*About this task*: From the first line to the last, copy the listing exactly and omit the pictures.

*Data extract*:
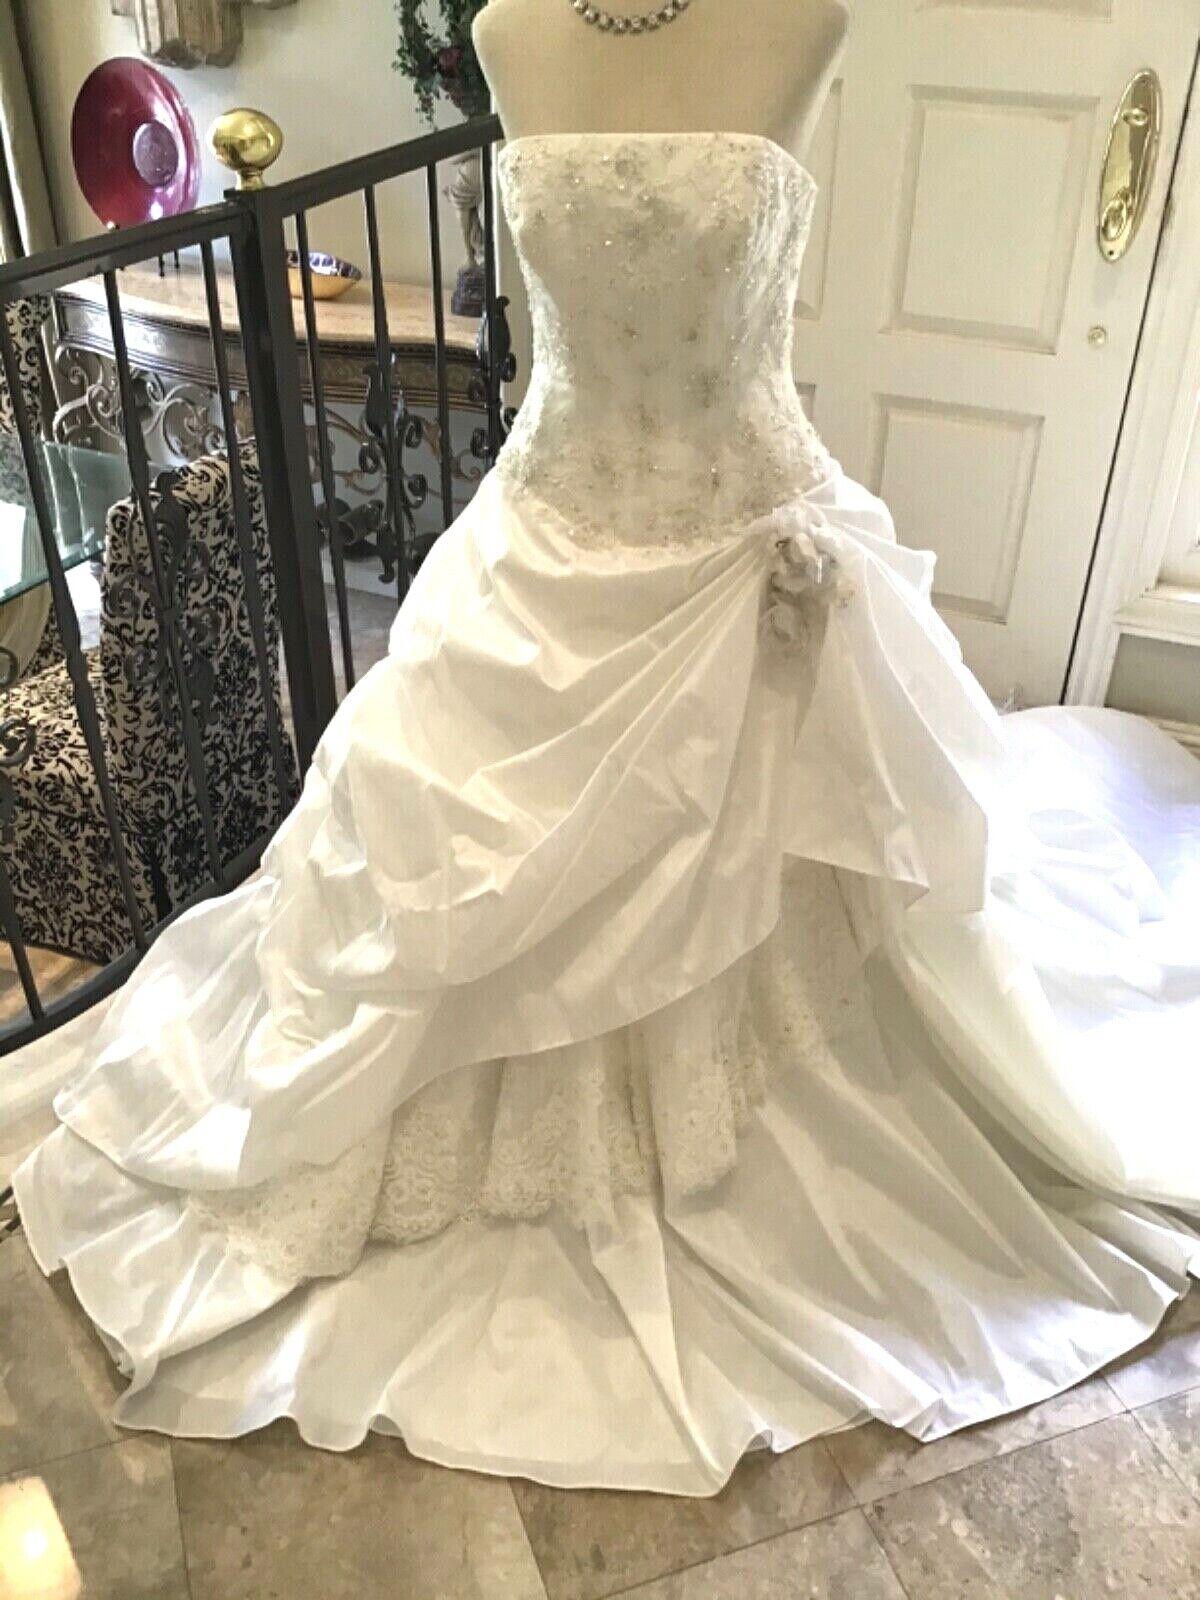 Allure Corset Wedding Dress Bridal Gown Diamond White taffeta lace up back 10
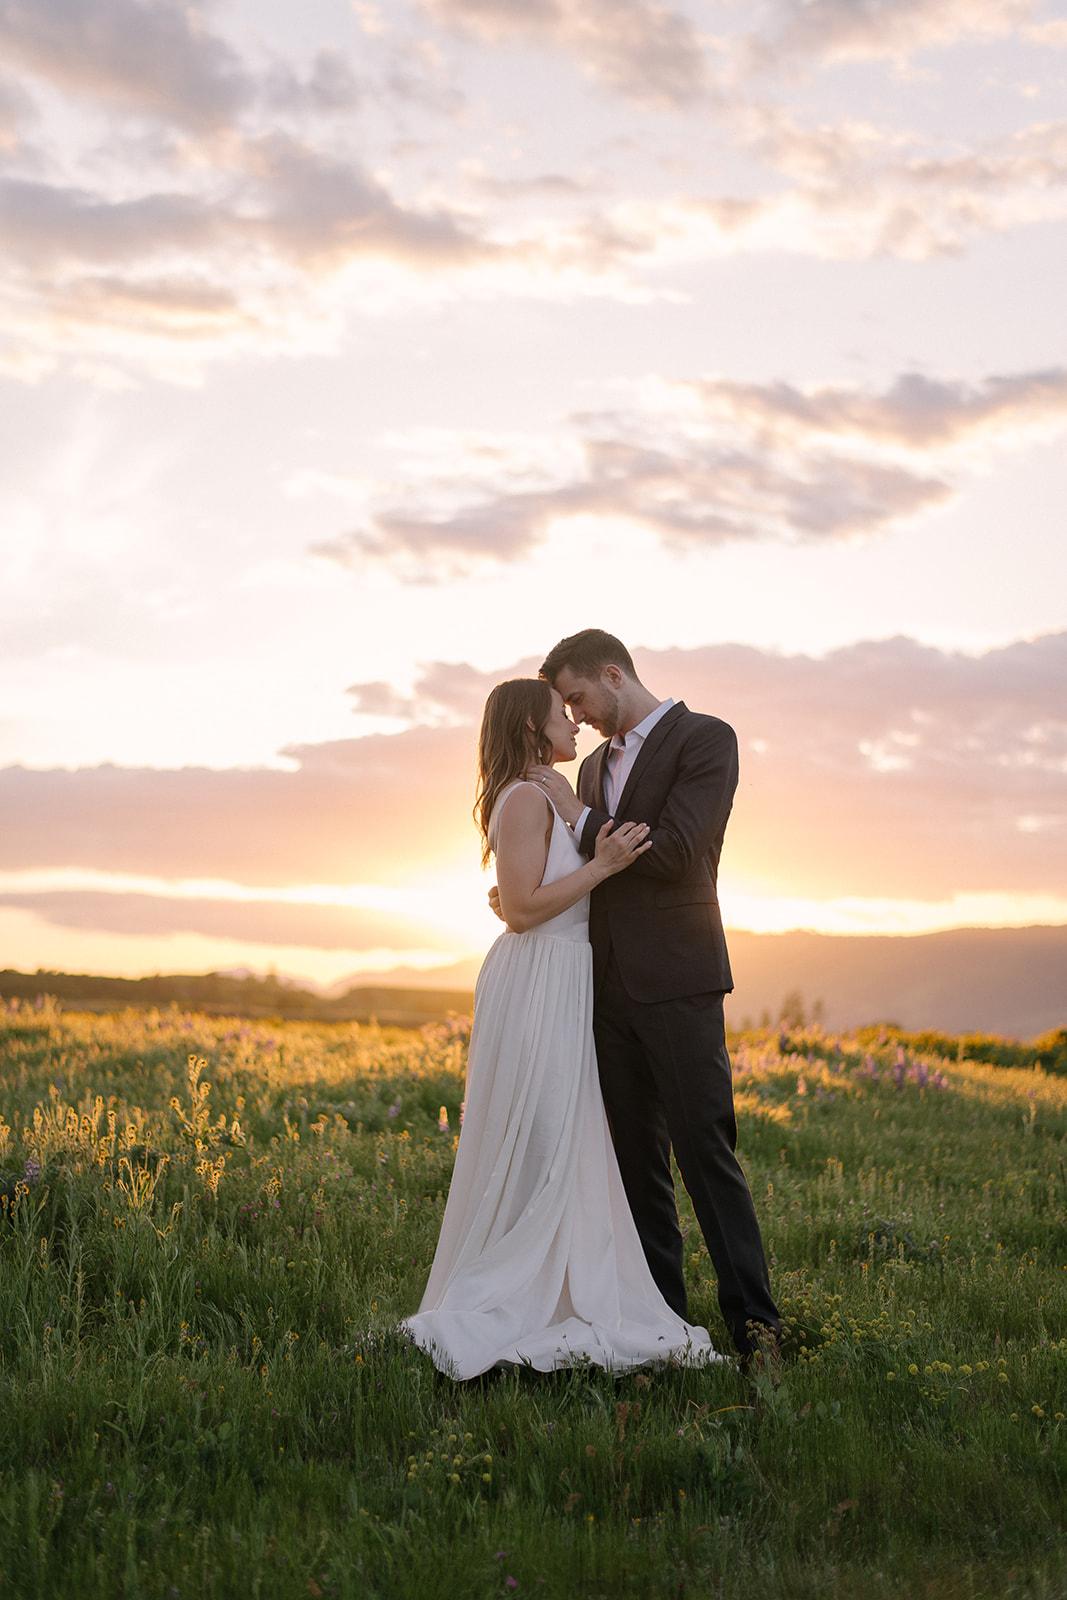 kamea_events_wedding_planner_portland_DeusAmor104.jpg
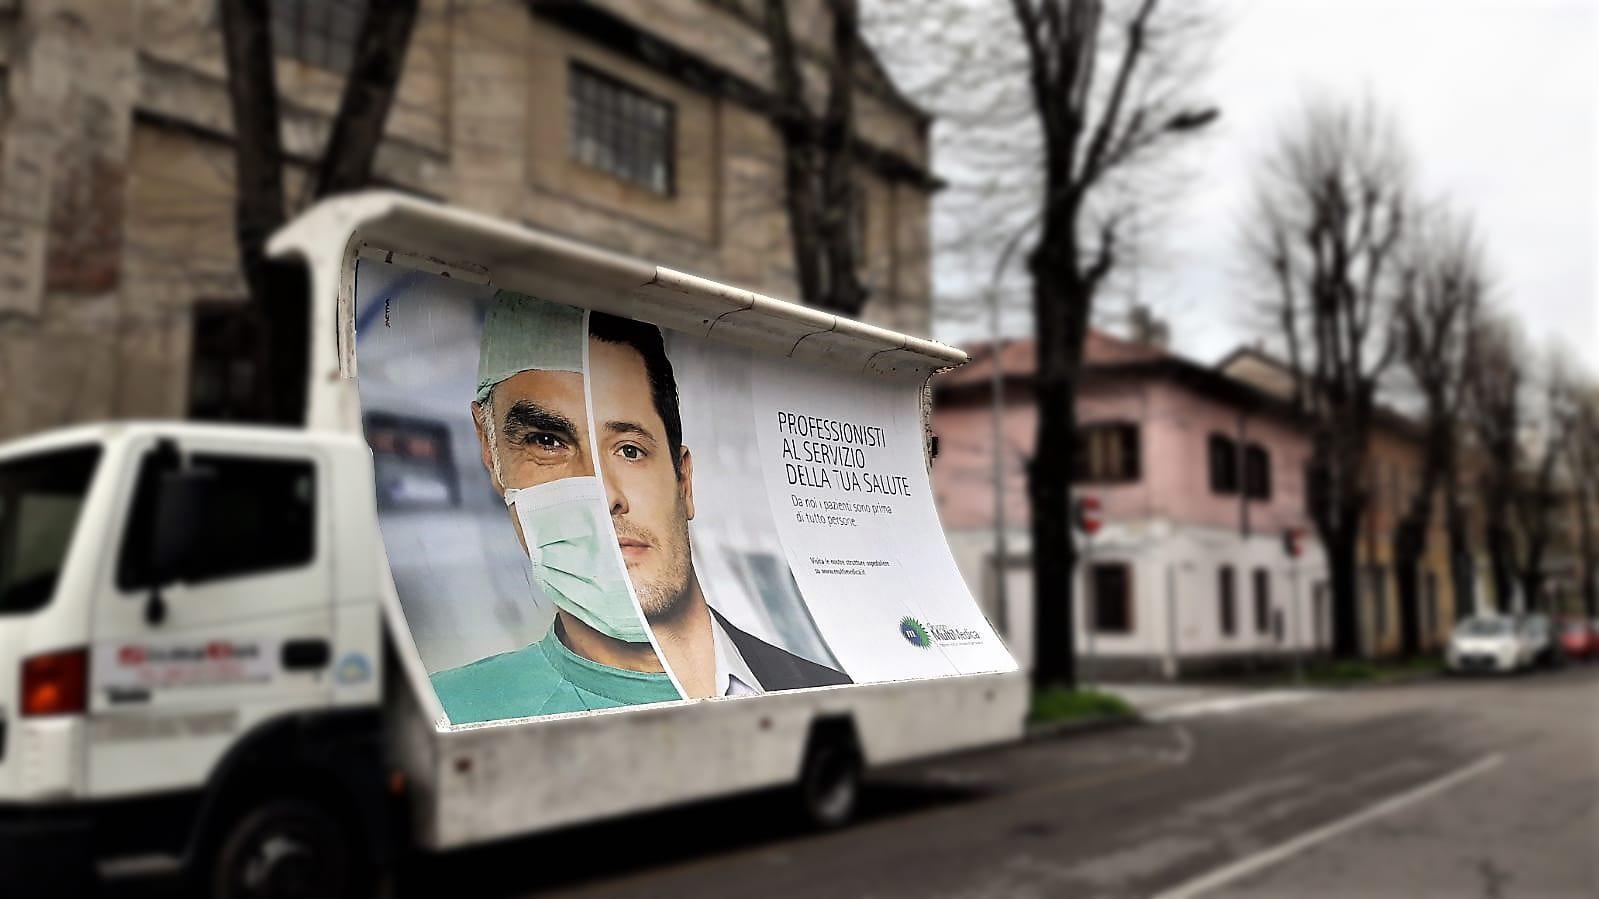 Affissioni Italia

*The completed task*:
 Allure Corset Wedding Dress Bridal Gown Diamond White taffeta lace up back 10
 kamea_events_wedding_planner_portland_DeusAmor104.jpg
 Affissioni Italia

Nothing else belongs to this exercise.